Euclid's proof says that if you take any finite set of prime numbers (for example, $2$, $11$, and $19$) and multiply them and then add $1$, the resulting number is not divisible by any of the primes in the finite set you started with (thus $(2\cdot11\cdot19)+1$ is not divisible by $2$, $11$, or $19$ because its remainder on division by any of those numbers is $1$.

Therefore, the finite set you started with can be extended to a larger finite set: the prime factors of (in this example) $(2\cdot11\cdot19)+1$.)

The reason the number $(2\cdot11\cdot19)+1$ must be divisible by some prime is that if it is not divisible by any prime other than itself, then it is prime and it is of course divisible by itself.

PS: Some people commenting below are unhappy with my last paragraph above, so I'll add this: Let's do a proof by contradiction on this one: Consider the smallest number $N$ that is not divisible by any prime. It cannot be divisble by anything smaller than itself except $1$, since that not-necessarily-prime factor, being smaller than the smallest counterexample, would be divisible by some prime, and then $N$ would be divisible by that prime. So not being divisible by anything except itself and $1$, $N$ would be prime, and hence divisible by some prime, namely itself.

Answer 3

Lemma $\ $ The least factor $>1\,$ of $\ n>1\,$ is prime.

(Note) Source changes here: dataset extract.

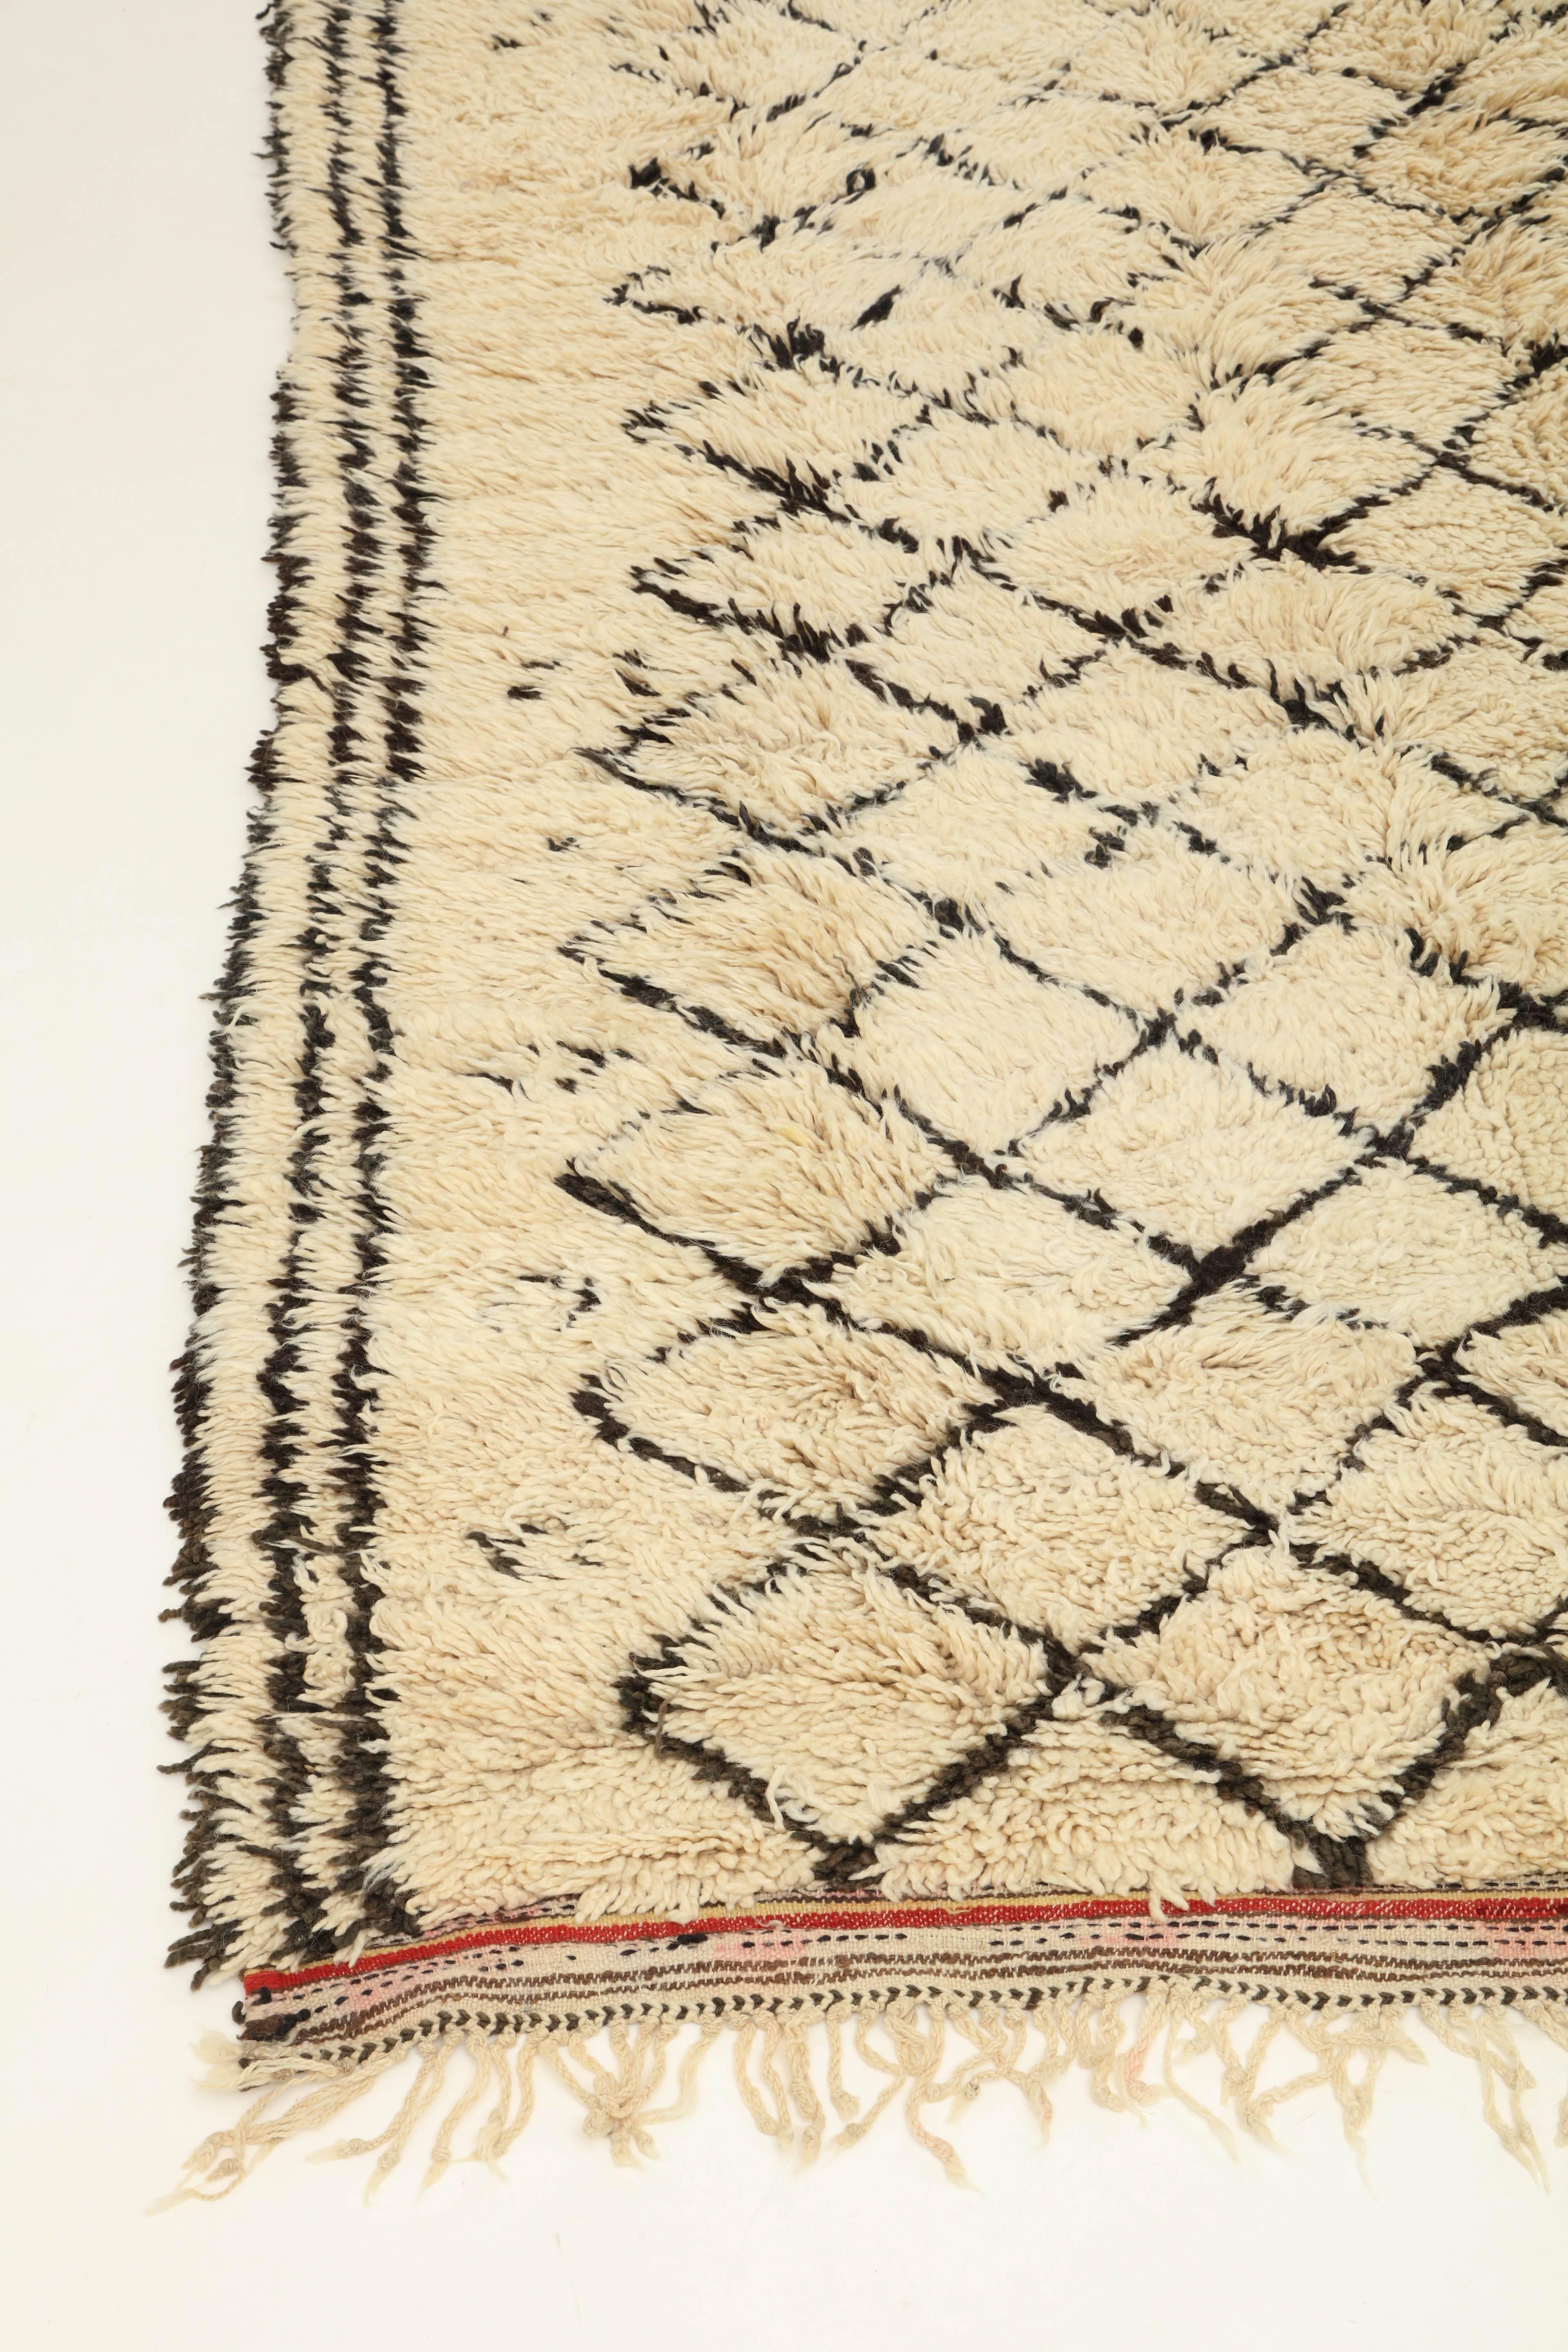 Wool Rug, Vintage Beni Ourain Moroccan Rug, Ivory and Black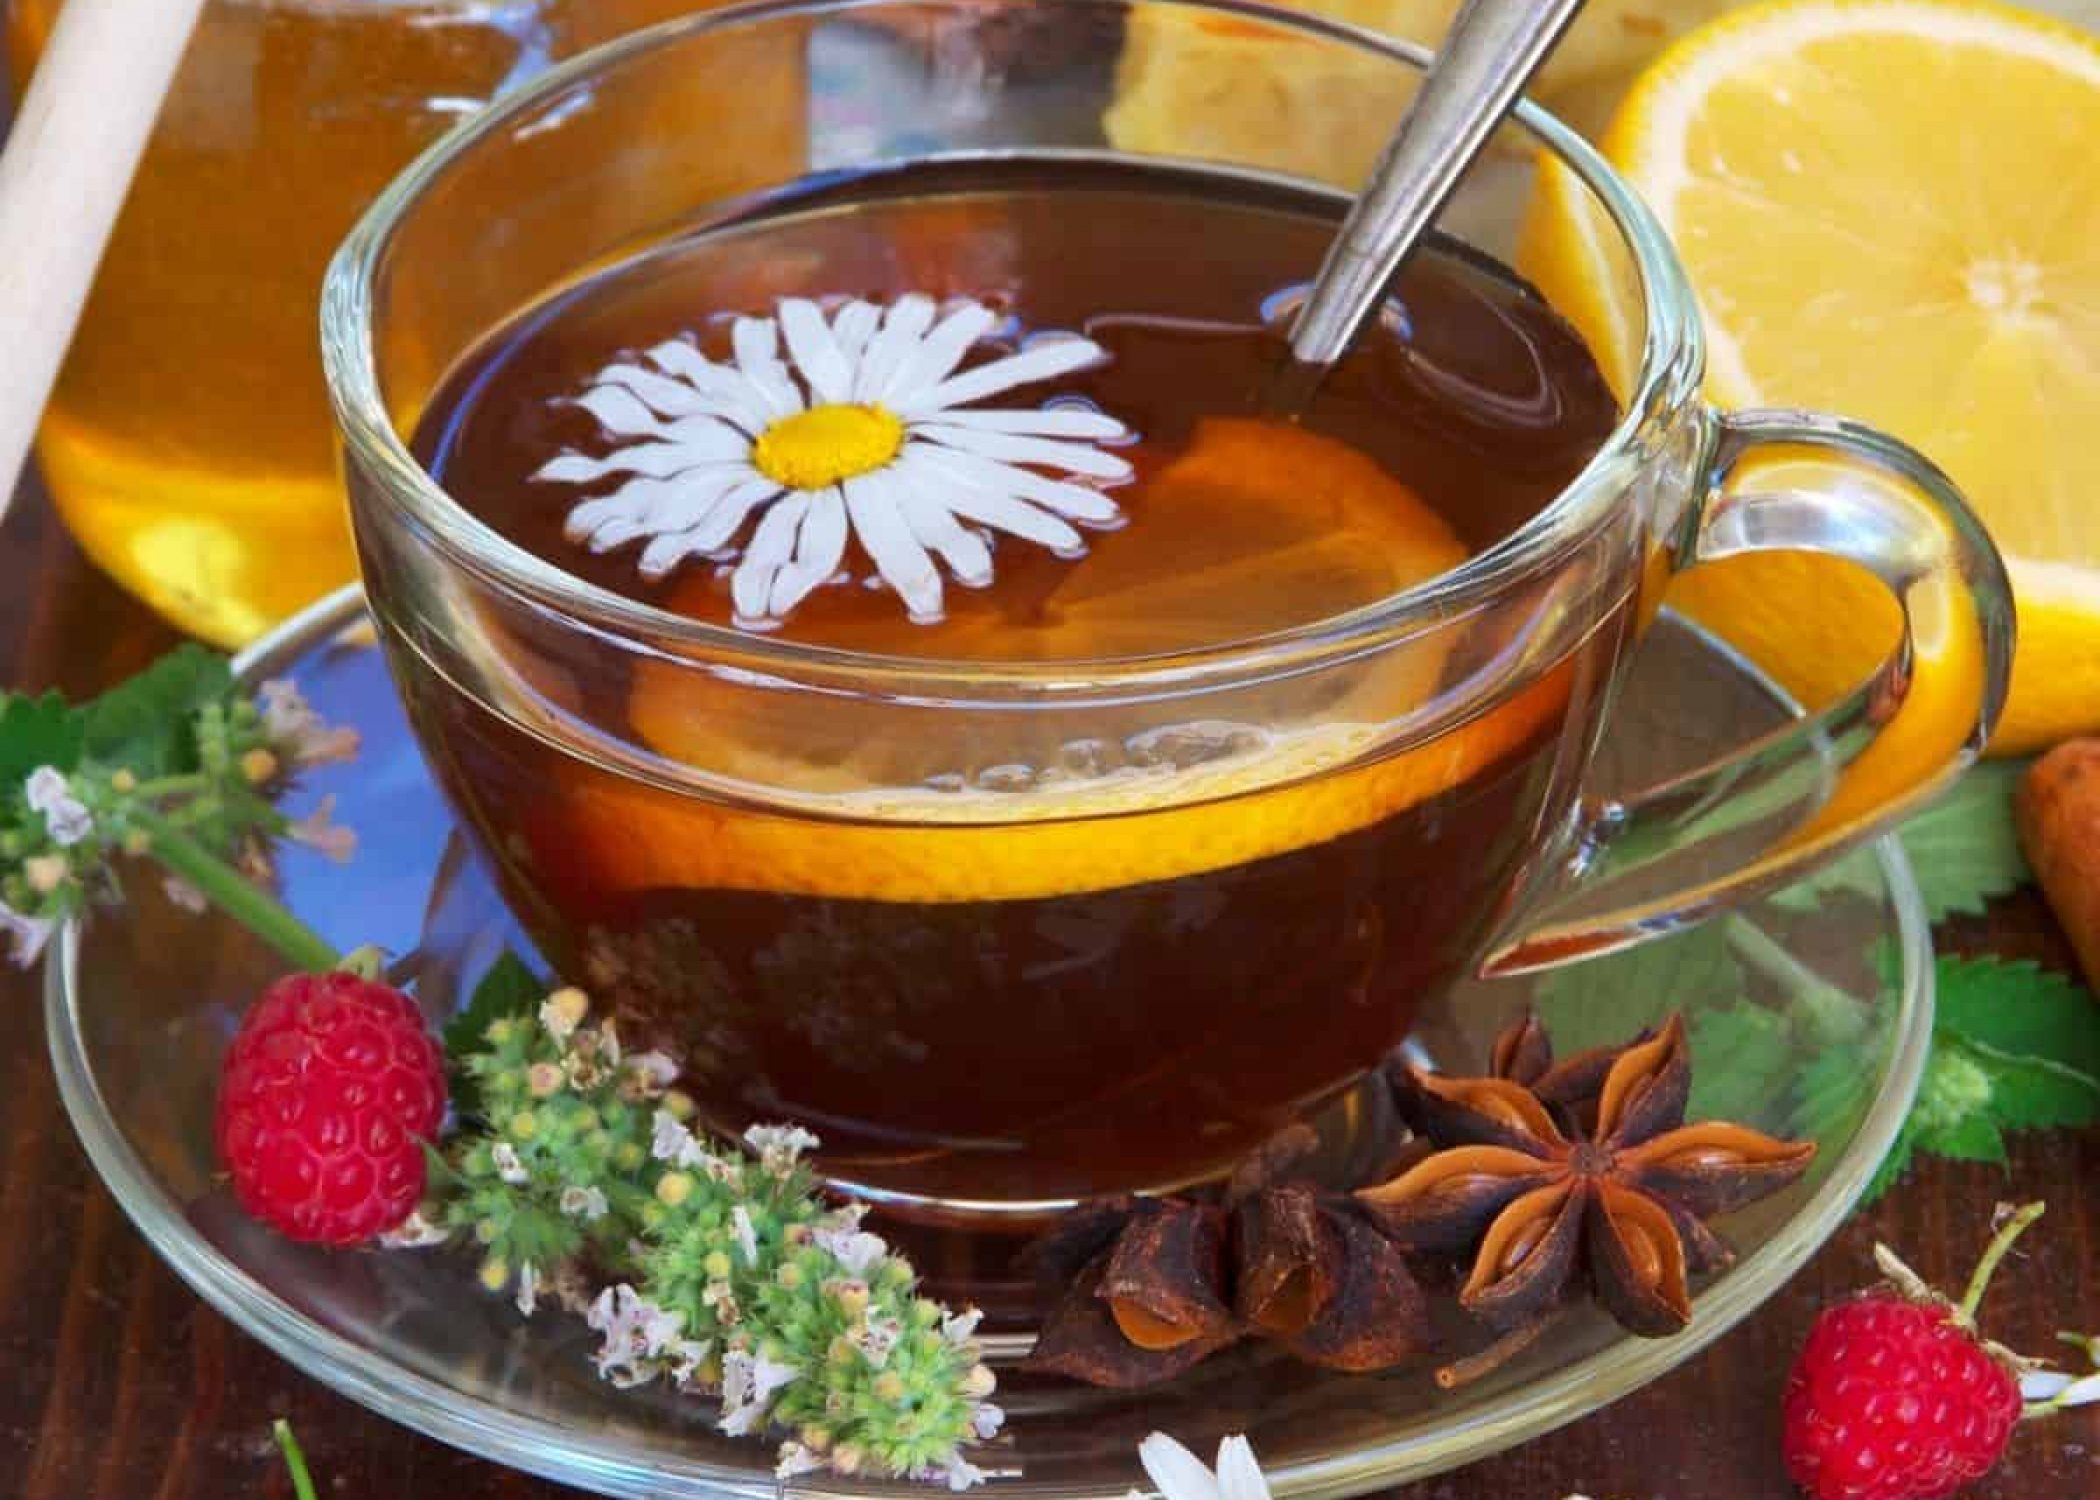 What Are Flavonoids in Tea?

Proof $\ $$\,n>1$ has at least one factor $> 1,\,$ viz. $\,n.\,$ Let $\,p\,$ be its least factor $>1.\,$ Then $\,p\,$ is prime (else $\,p\,$ has a proper divisor $\,1 < d < p\,$ and $\,d\mid p\mid n\,\Rightarrow\,d\mid n,\,$ contra minimality of $\,p).$

Remark $\ $ More generally it proves prime the least element of any set $\,S\,$ of integers $> 1$ that is closed under divisors $> 1,\,$ i.e. $ $ if $\,S\,$ contains $\,n\,$ then $\,S\,$ contains every divisor $> 1$ of $\,n.\,$ Above the set $\,S\,$ is the set of factors $>1$ of $\,n.$

We can interpret the proof constructively as follows. Suppose we have an algorithm $\,n\mapsto f(n)\,$ that yields a proper factor of every nonprime $\,n > 1.\,$ Then iterating the algorithm must eventually terminate at a prime factor of $\,n,\,$ for otherwise it would yield an infinite strictly descending sequence of proper factors (see below), contra $\,\Bbb N\,$ is well-ordered

$$ n > f(n) > f(f(n)) > f(f(f(n))) >\, \cdots$$